The library provides a function, `prospect :: Free f a -> (Maybe a, [f ()])`,
which can probe the depths of a free monad, finding as many `f` constructors as
it can before the monad branches dynamically.

Be careful when inspecting the `f ()`s, if any of them depend on variables bound
in the monad, they will leak exceptions when you are least expecting them.
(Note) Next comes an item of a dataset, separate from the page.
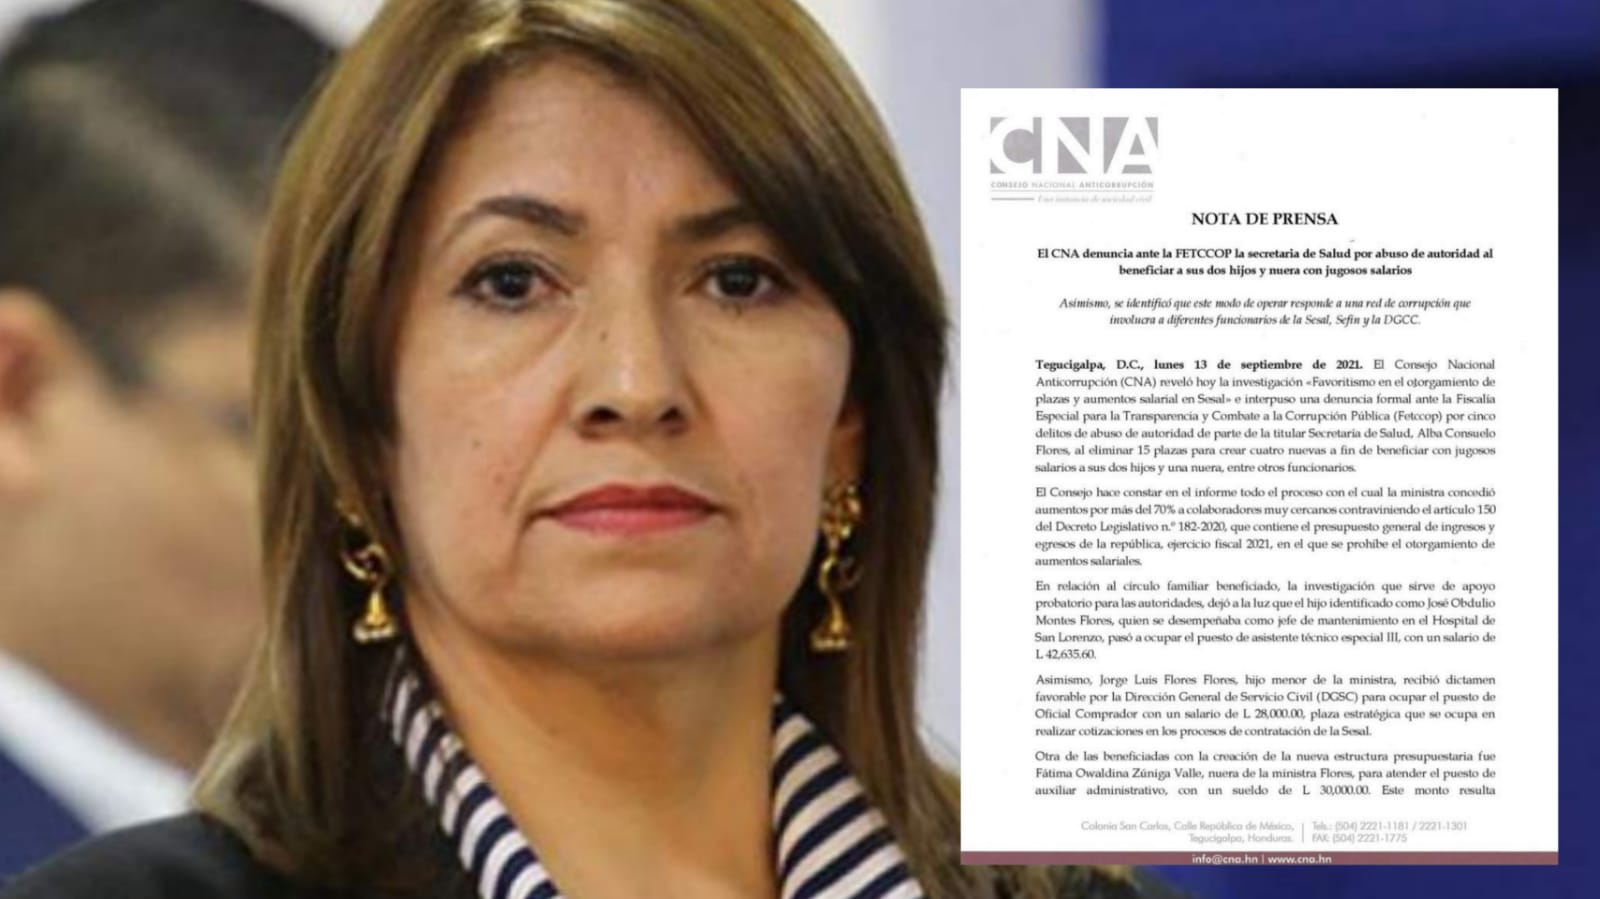 secretaria de salud denuncia del CNA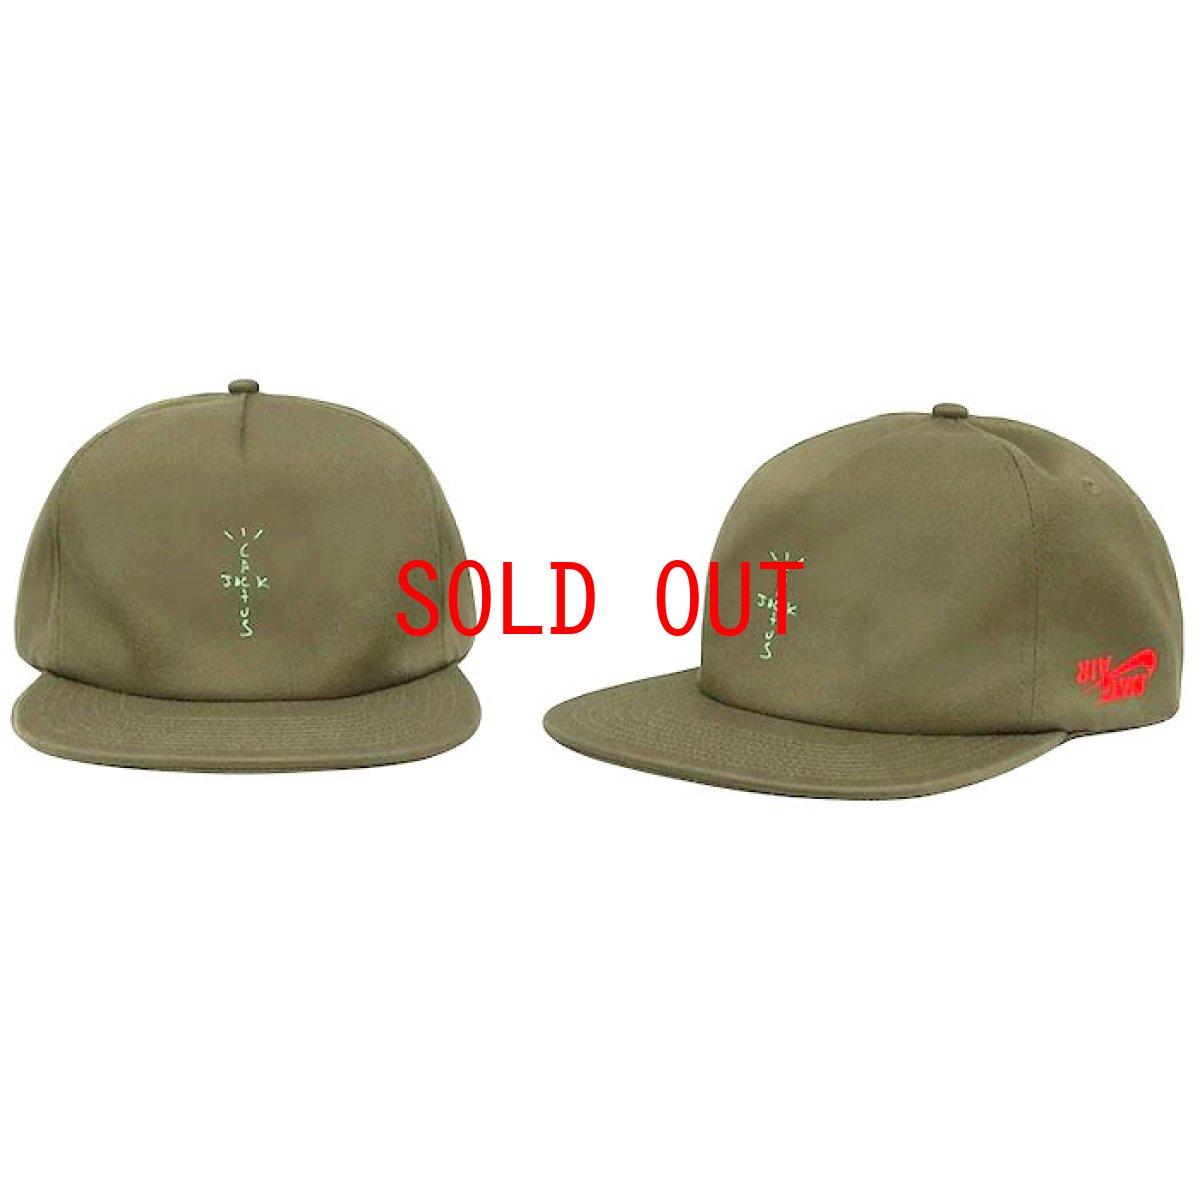 画像1: Cactus Jack(カクタスジャック) × Jordan Brand(ジョーダン) × Nike(ナイキ) Travis Scott HITR highest Swoosh Hat Olive Green IN THE ROOM Cap キャップ 帽子 Jordan オリーブ グリーン (1)

It's
a good idea to run your `f ()`s through `ensure :: Alternative m => a -> m a`
after you've scrutinized their constructors.


## Example

`prospect` can be used to perform a best-effort static analysis of a free monad:

```haskell
data Pattern a
  = Cont (Bool -> a)
  | Action Int a
  deriving (Functor, Generic1)


cont :: MonadFree Pattern m => m Bool
cont = liftF $ Cont id


action :: MonadFree Pattern m => Int -> m ()
action i = liftF $ Action i ()


success :: (Maybe String, [Pattern ()]
success = prospect $ do
  a <- cont
  action 1
  pure "success"
-- success = (Just "success", [Cont (const ()), Action 1 ()])


failure :: (Maybe String, [Pattern ()]
failure = prospect $ do
  a <- cont
  action 1
  if a  -- static analysis ends here, as it would require branching on the
        -- result of a monadic action
    then action 2
    else action 3
  action 4
  pure "failure"
-- failure = (Nothing, [Cont (const ()), Action 1 ()])
```

In these examples, we can continue analyzing a `Free Pattern` monad until
the result of its `Cont` continuation is forced.